[[ Data extract open ]]

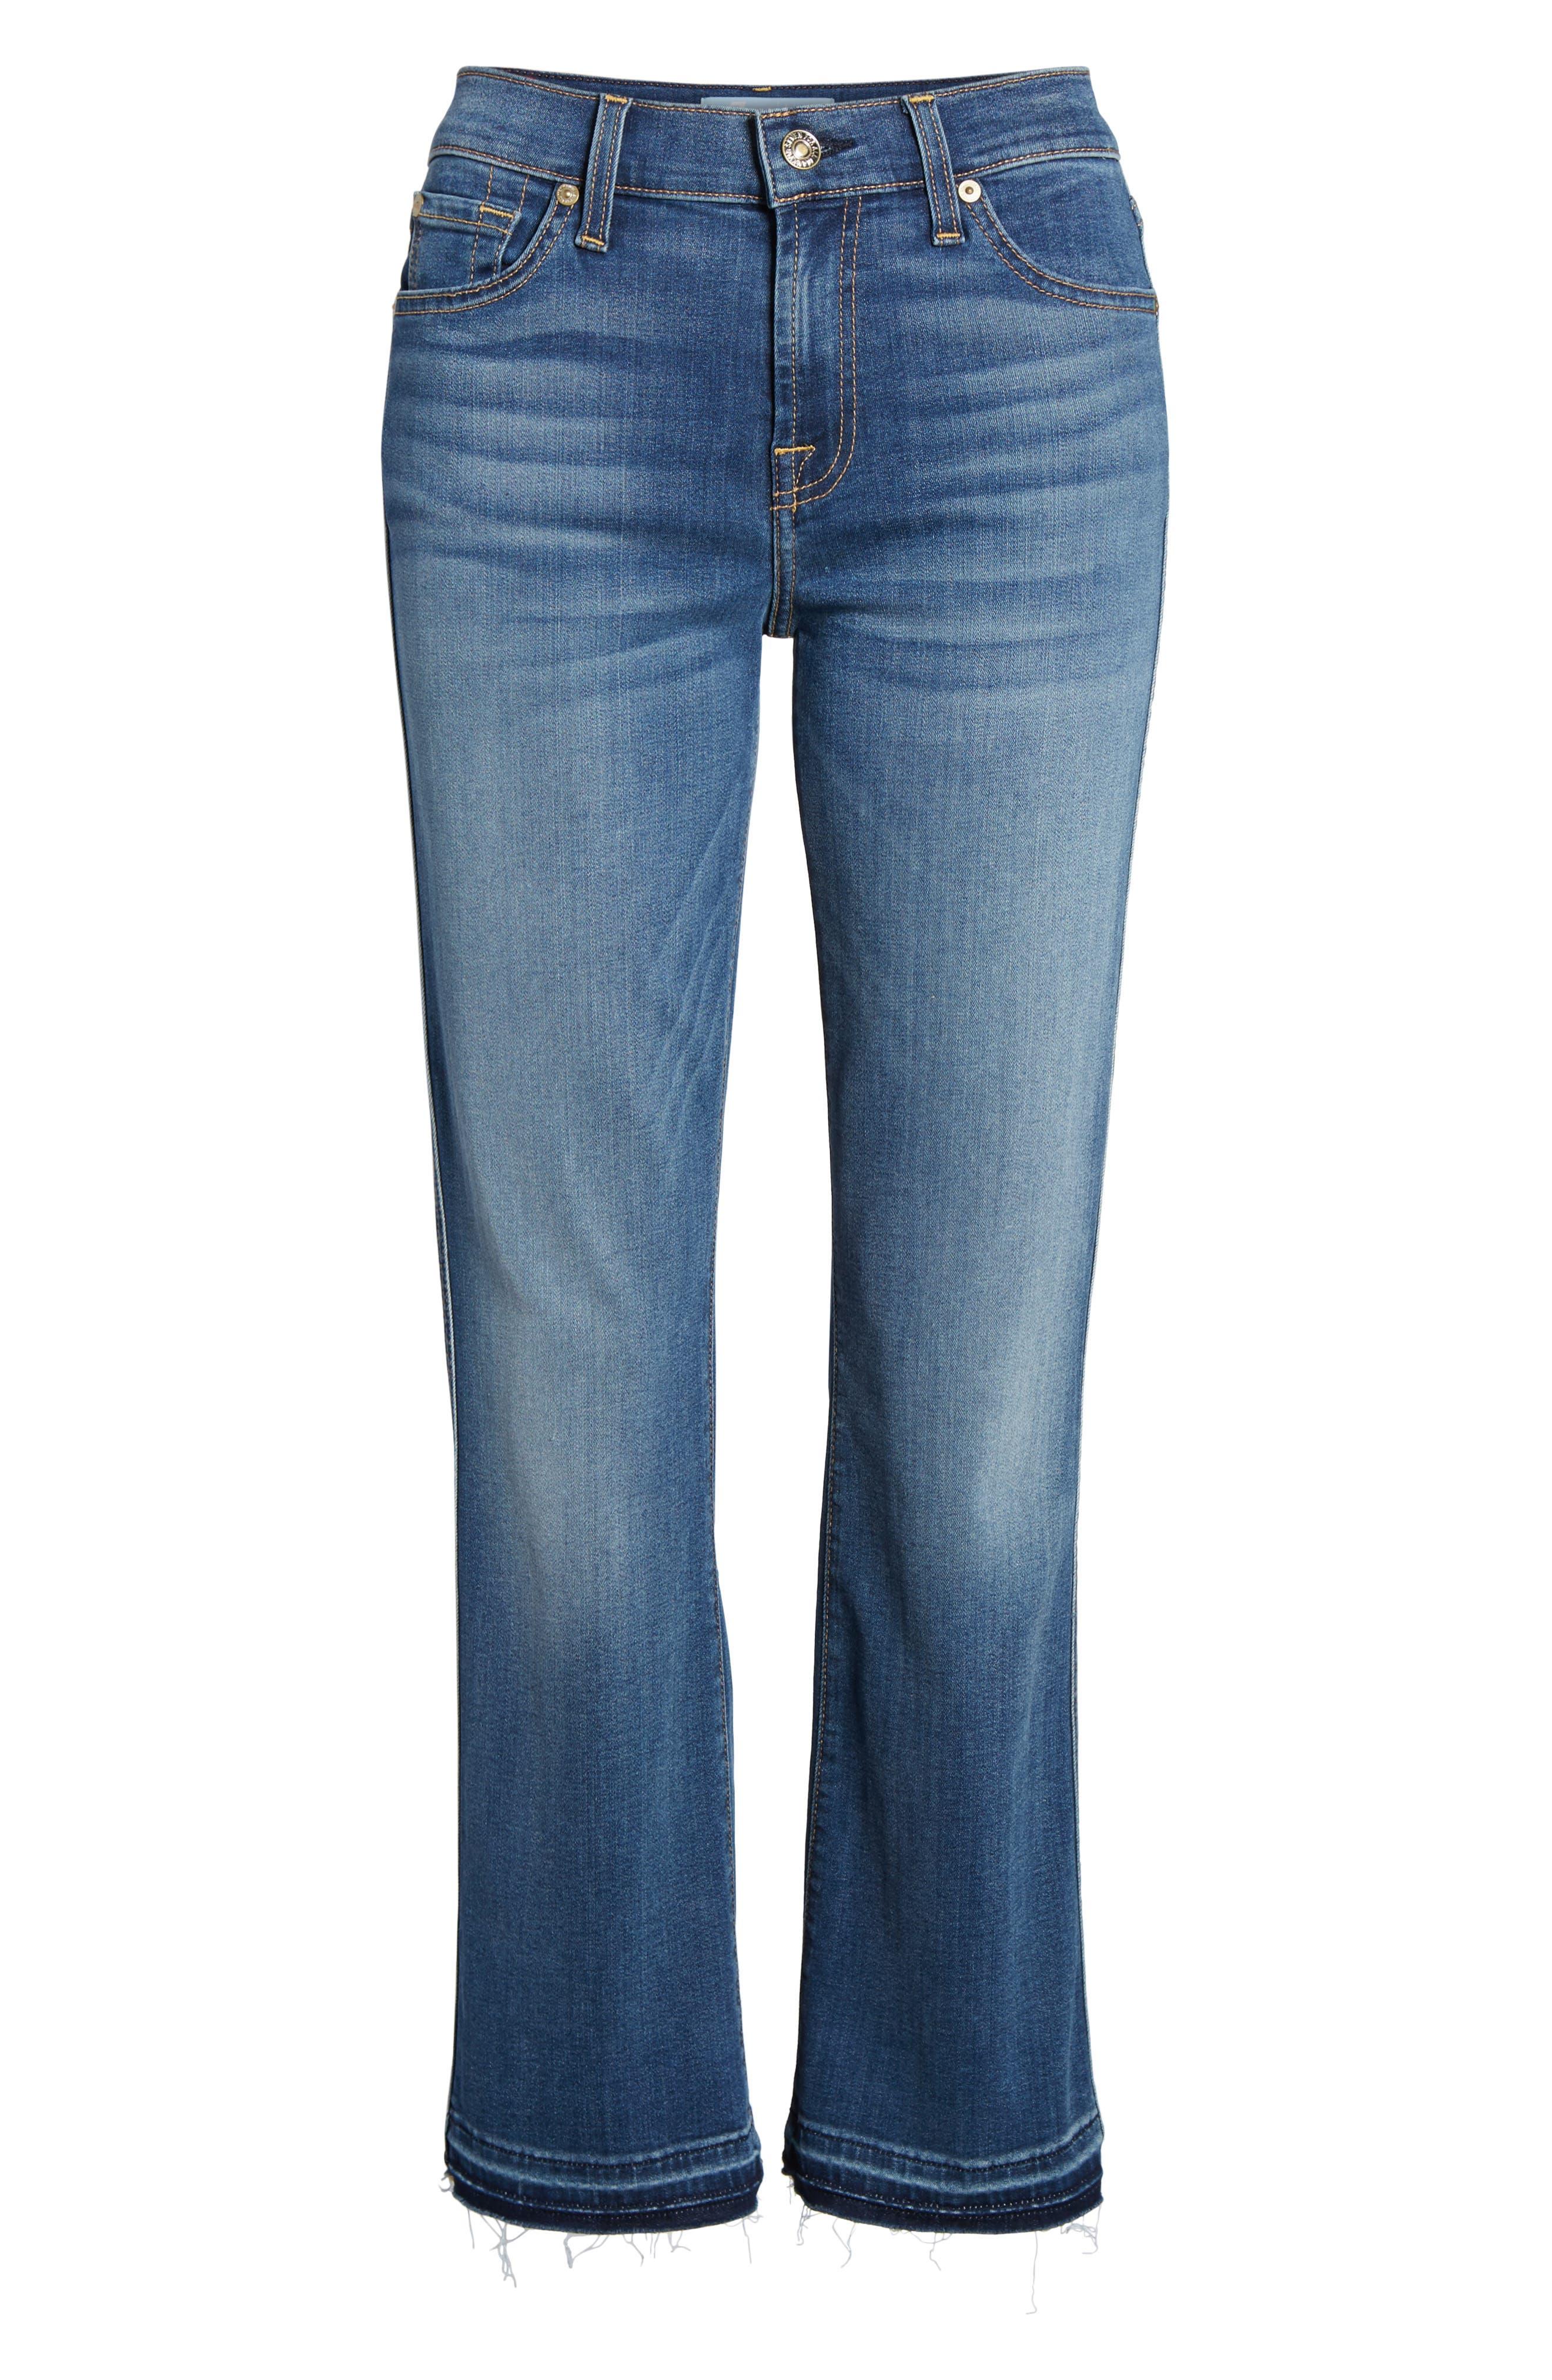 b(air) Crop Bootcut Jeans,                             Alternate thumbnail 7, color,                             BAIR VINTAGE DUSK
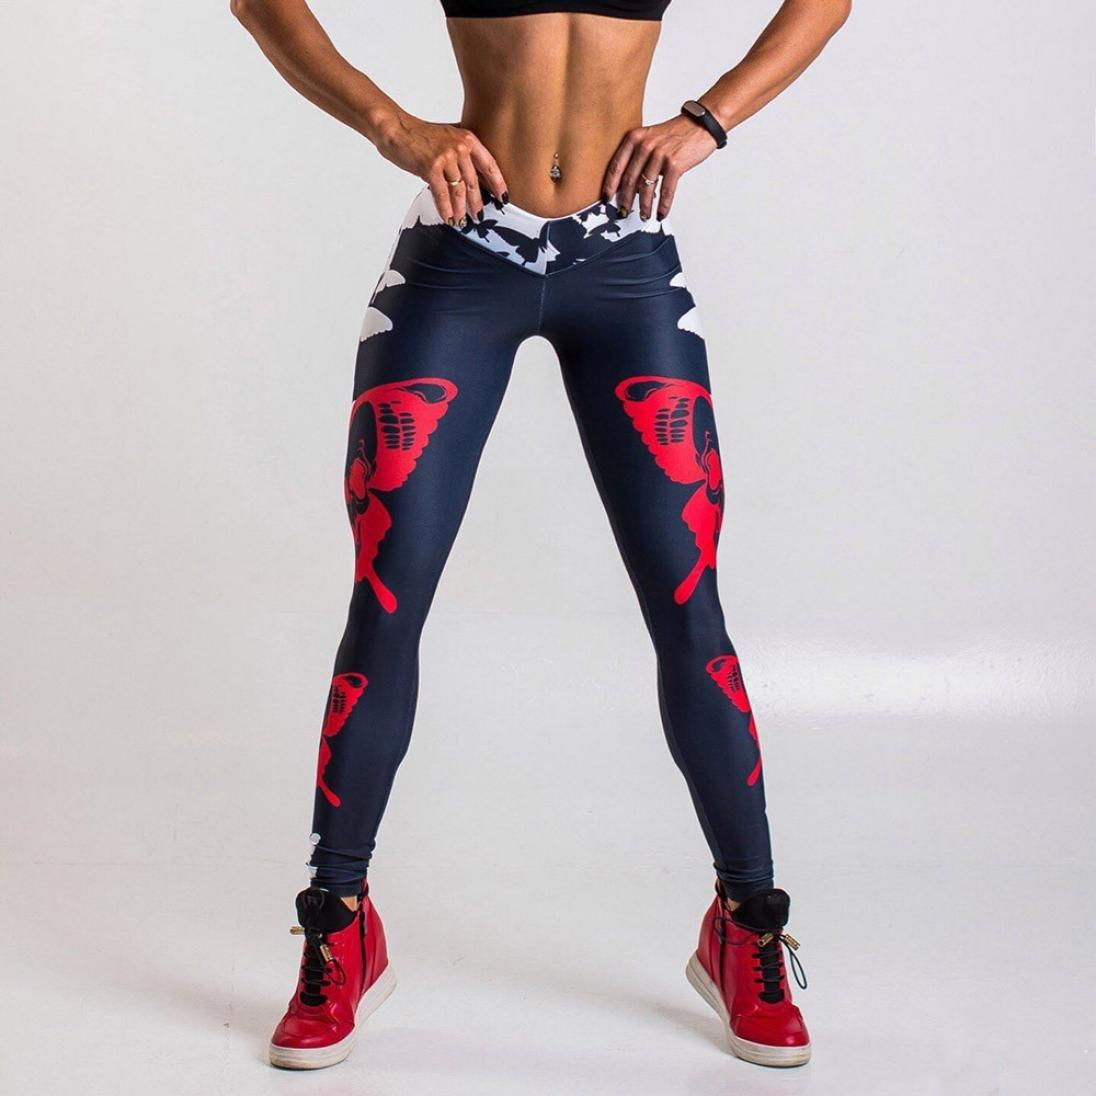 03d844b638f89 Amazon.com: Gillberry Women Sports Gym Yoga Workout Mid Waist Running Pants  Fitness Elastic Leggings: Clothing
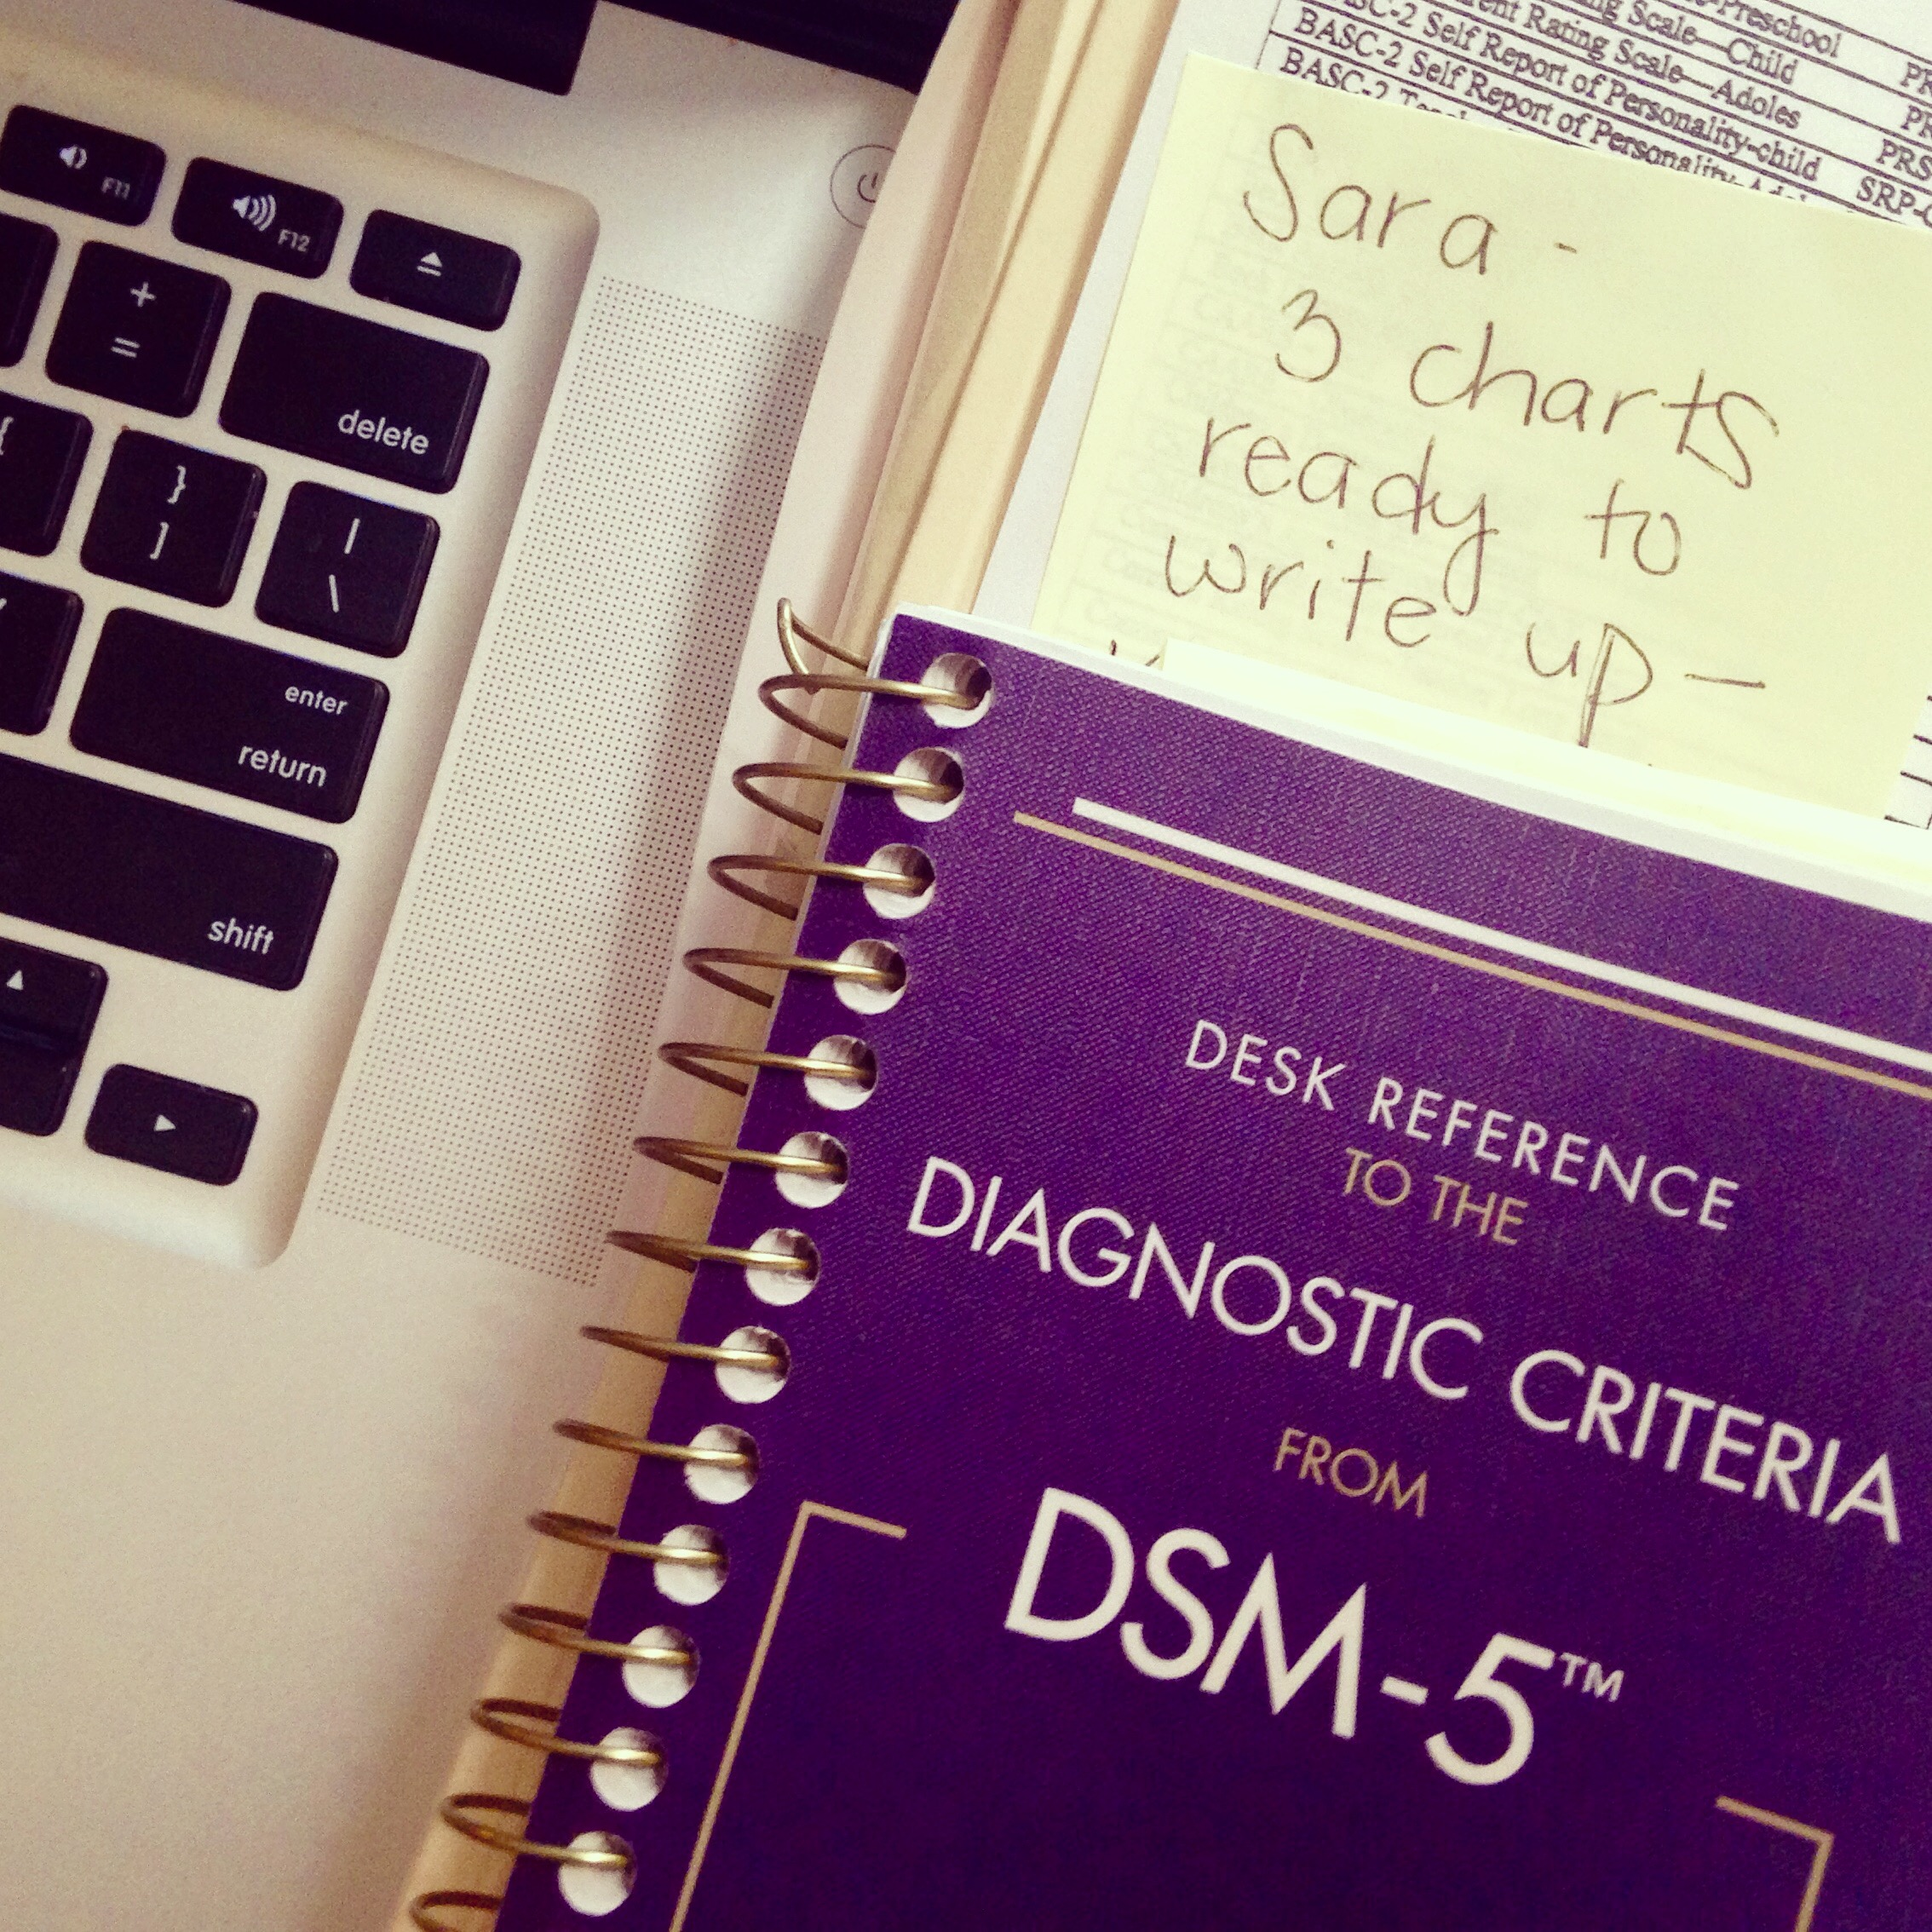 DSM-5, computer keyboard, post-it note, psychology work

[[ Data extract closed ]]

In the listing above, retype exactly, and only, the lines from the one containing "03d844b638f89 Amazon.com: Gillberry" through the last line, both included. Omit the pictures.

 03d844b638f89 Amazon.com: Gillberry Women Sports Gym Yoga Workout Mid Waist Running Pants  Fitness Elastic Leggings: Clothing
 DSM-5, computer keyboard, post-it note, psychology work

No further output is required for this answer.